Unfortunately, strings get used for a lot of things besides displaying of characters. Being able to find the beginning and end of a multi-byte "character" is extremely important for some application domains (e.g. something like substring matching), so all of the Unicode encodings make sure that its possible to do. I believe that many algorithms that use random access into strings, can be adapted to work on a variable-size encoding like UTF-8 as long as they can scan backwards or forwards to find the boundaries between characters. It also helps with error recovery in streaming applications (e.g. if you had a long string of 2-byte symbols in your encoding, and one of their high bits got flipped by an error, the entire string would decode wrong after that. But if it was in UTF-8 format it could resynchronize within a character or two).hgm wrote:To get back to the coding problem:
On second thought UTF-8 does not strike me as a terribly clever system. Languages like Chinese take a terrible hit in coding density. It seems UTF-8 puts an exaggerated importance on the possibility to be able to jump at a random point into a text, and immediately recognize where the next character starts. To this end it sacrifices many bits as control bits, to destinguish leading bytes from extension bytes, from ascii.
A system along the lines of BG2312 seems much more powerful. Here you would encode non-ascii characters as two bytes, each starting with a 1 bit (where all ascii codes start with a 0 bit). This would give you 14 coding bits, much better than the 11 you have in 2-byte UTF-8 characters. As this is apparently more than you need for Chinese, BG2312 even spares the codes 80-9F, which in some single-byte encoding systems can act as control codes, and could possibly confuse software not aware of the higher coding level.
The only disadvantage I see of such a system is that in a very long sequence of doube-byte encodings, you would not get easilly back in sync wih the character boundaries once you get out of sync (e.g. by jumping randomly in to the text). But any single-byte code (such as linefeed..) would re-sync you, and the code can be read backwards without losing sync. If needed a separate byte code could be set apart (like 0x80, or even 0xA0) to act as sync punctuation, and you could require that it occurs at east once every 100 bytes. This would cause an overhead of only 1% in pure Chinese text, and the overhead of hunting through 100 bytes for the sync after a random jump into the text to determine the character bundaries seems aceptable as well.

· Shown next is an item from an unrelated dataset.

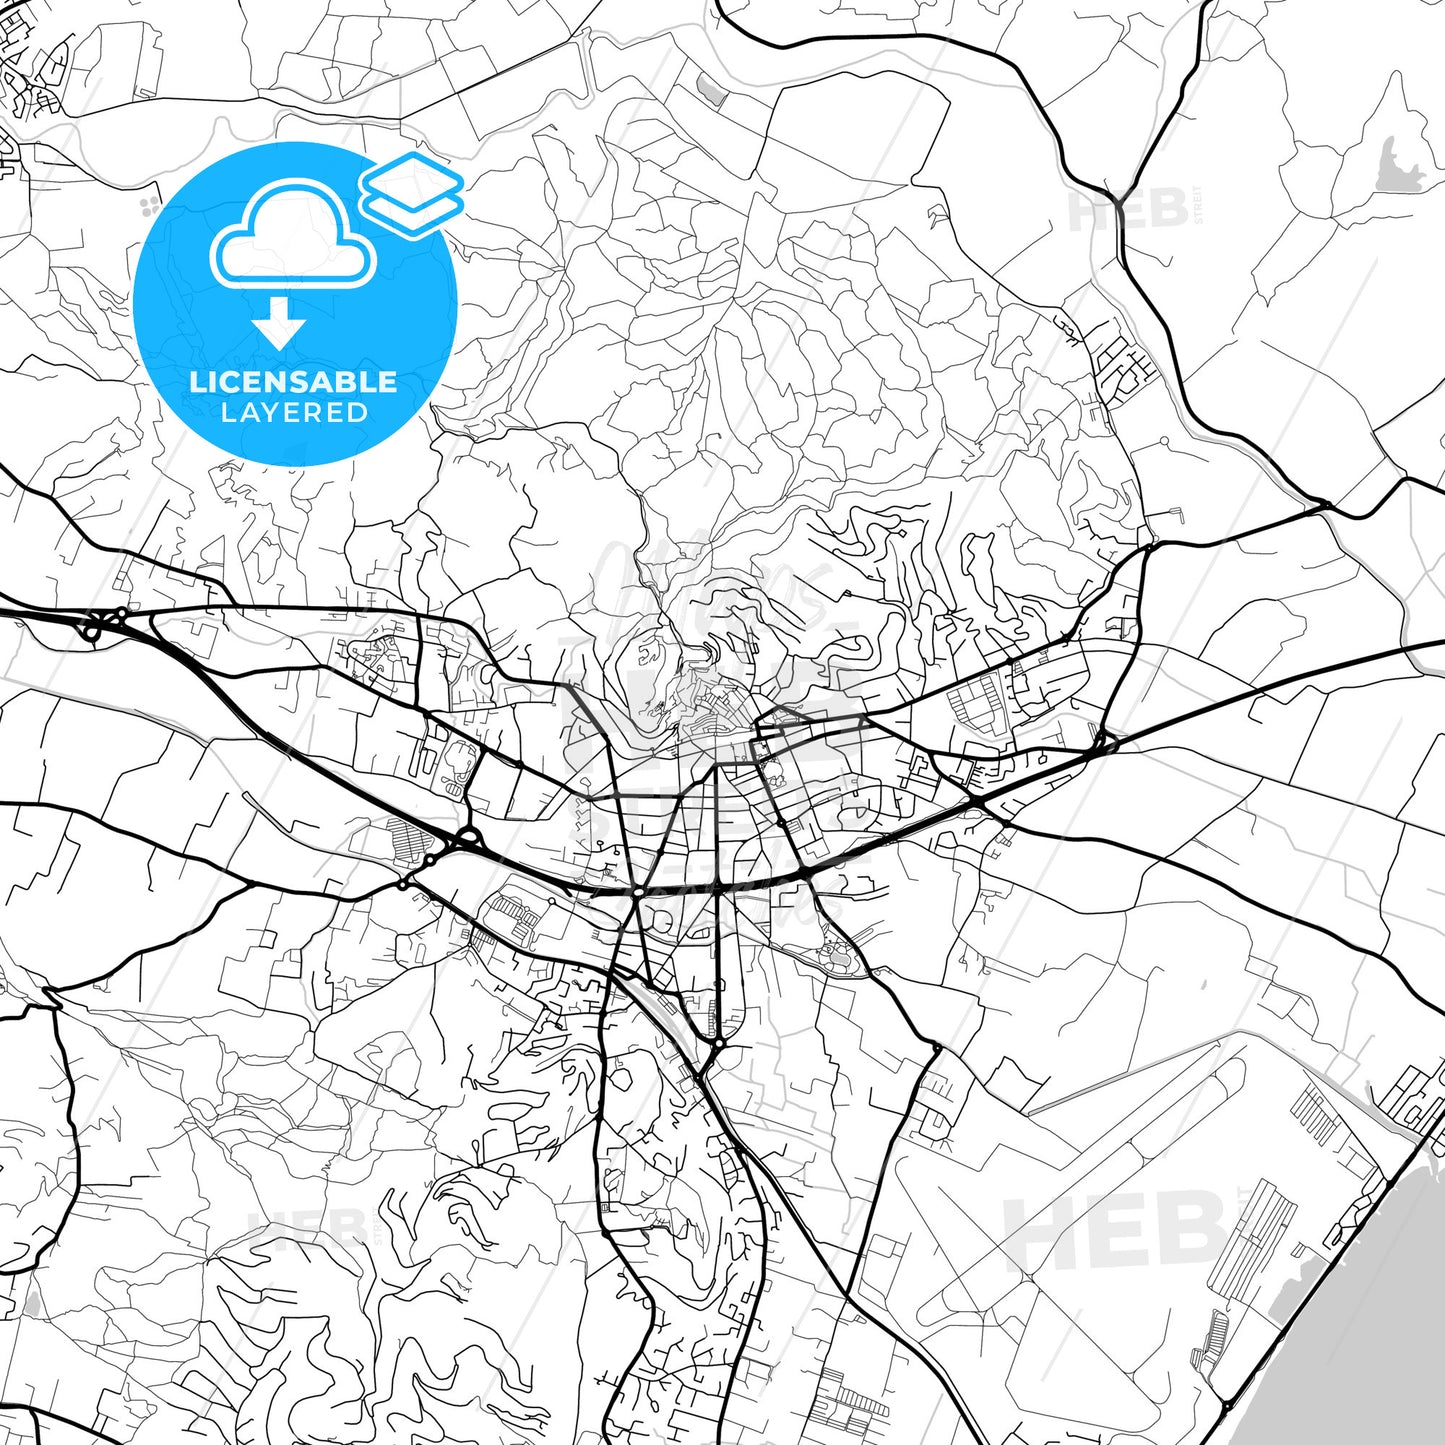 Layered PDF map of Hyères, Var, France
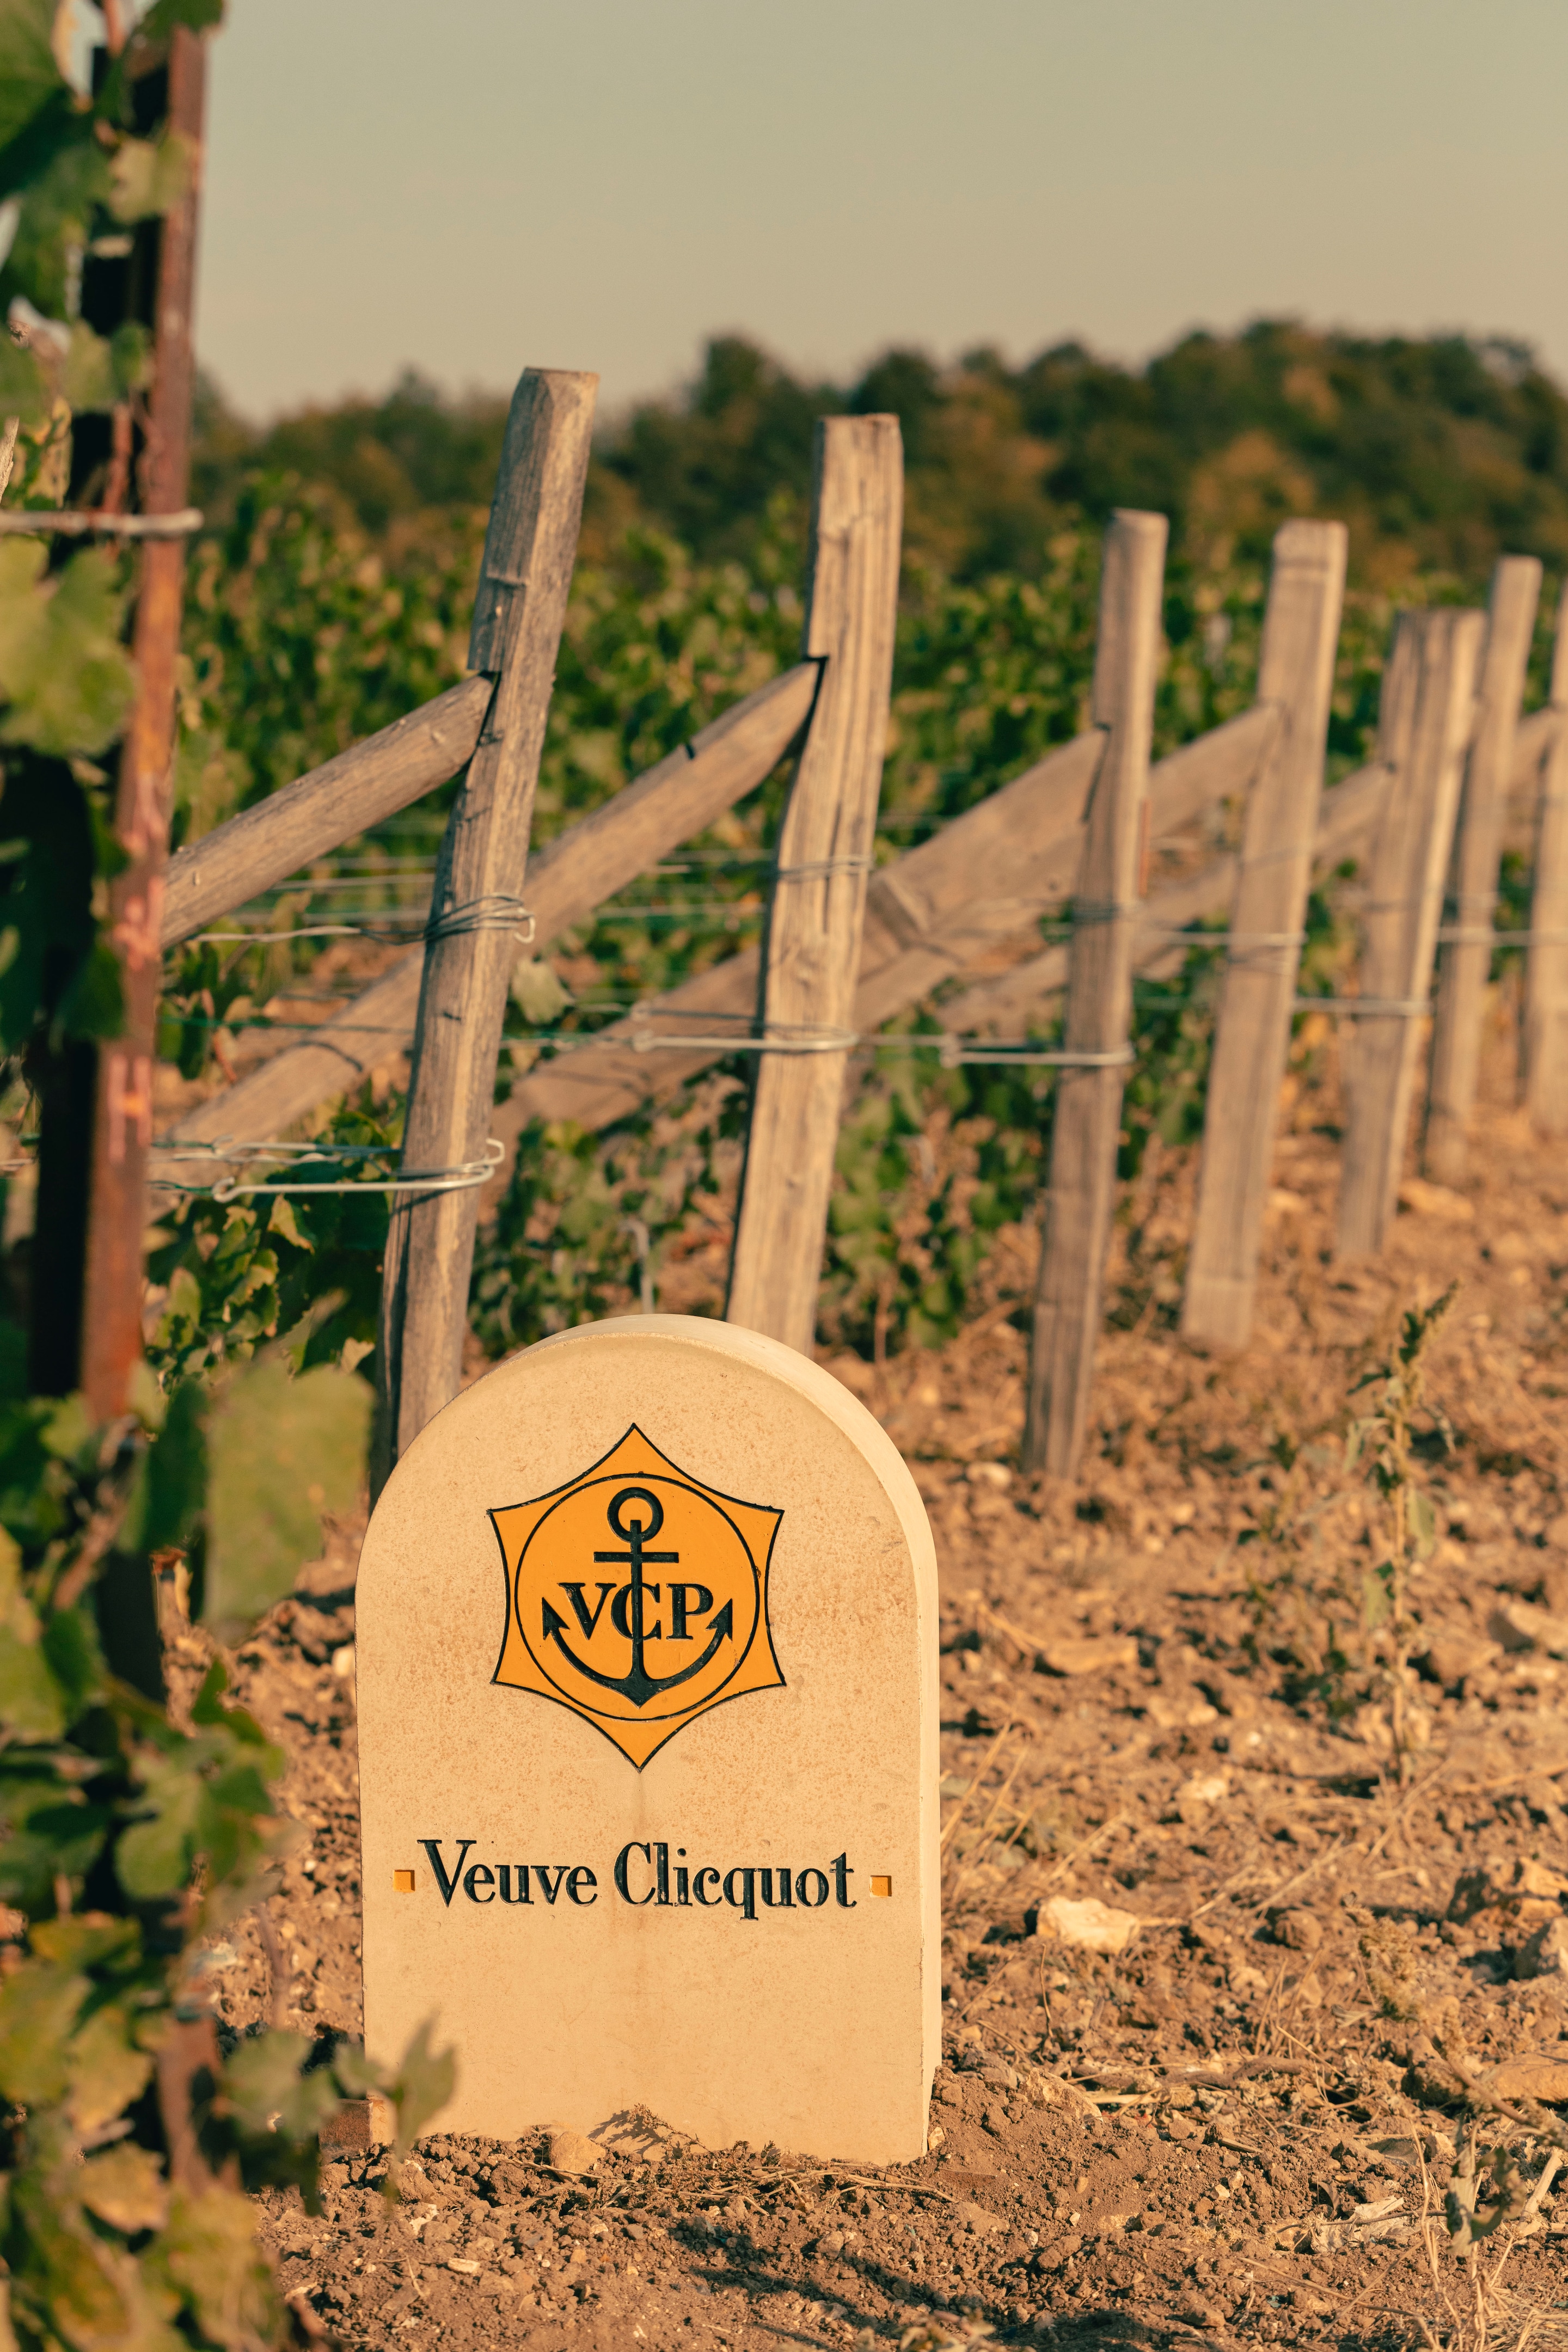 The Vineyard - Veuve Clicquot

Even though 16K codes is not enough to encode all unicodes, it usally does a very satisfactory job on encoding virtually all characters of a single language, even Chinese. Occasionally embedded out-of-range codes can be encoded by the trick of surrogate pairs. In practice, you tend to stick to the same lanuage quite long. So a system where you would set apart some of the 2-byte codes as control characters to switch to a different language (i.e. map a different part of the unicode range to the 2-byte encodings, while the rest of the range would have to rely on surrogate pairs) seems much more practical.
[Edit: You made all the same points in your original post. Sorry for being redundant!]
I'll also point out that if you used UTF-16 instead of UTF-8, the Chinese characters would all fit in 2 bytes. So would Japanese, so would Korean, so would virtually everything that anyone uses. The downside is that ASCII characters, and letters with diacritics, would also take 2 bytes.
Unicode was created by committees full of smart people. To handle input and layout for all of the world's languages, it has to support all kinds of bizarre stuff. It has a bunch of control characters for things like bi-directional text. It has combining characters and tone marks, shaping characters and nonspacing diacritics. It has extensive rules about how certain characters should or shouldn't be combined or decomposed into other characters (for characters with accents, text layout/pagination, etc.) Due to compatibility, it has multiple code points that are really for the same character. Most applications can ignore 95% of this stuff, unless they need to implement their own low-level input widgets or text rendering or typesetting.
Nowadays, any localized or international applications should be designed to use Unicode. Sure, chinese-language Windows has some other encoding (based on code pages) that you could use instead. But you'll limit your program to one language and one market, by doing that. If you start with Unicode, your app will be much easier to port to new languages and new regions later. [But this is general advice that doesn't necessarily apply to Winboard, since its a pre-existing app.]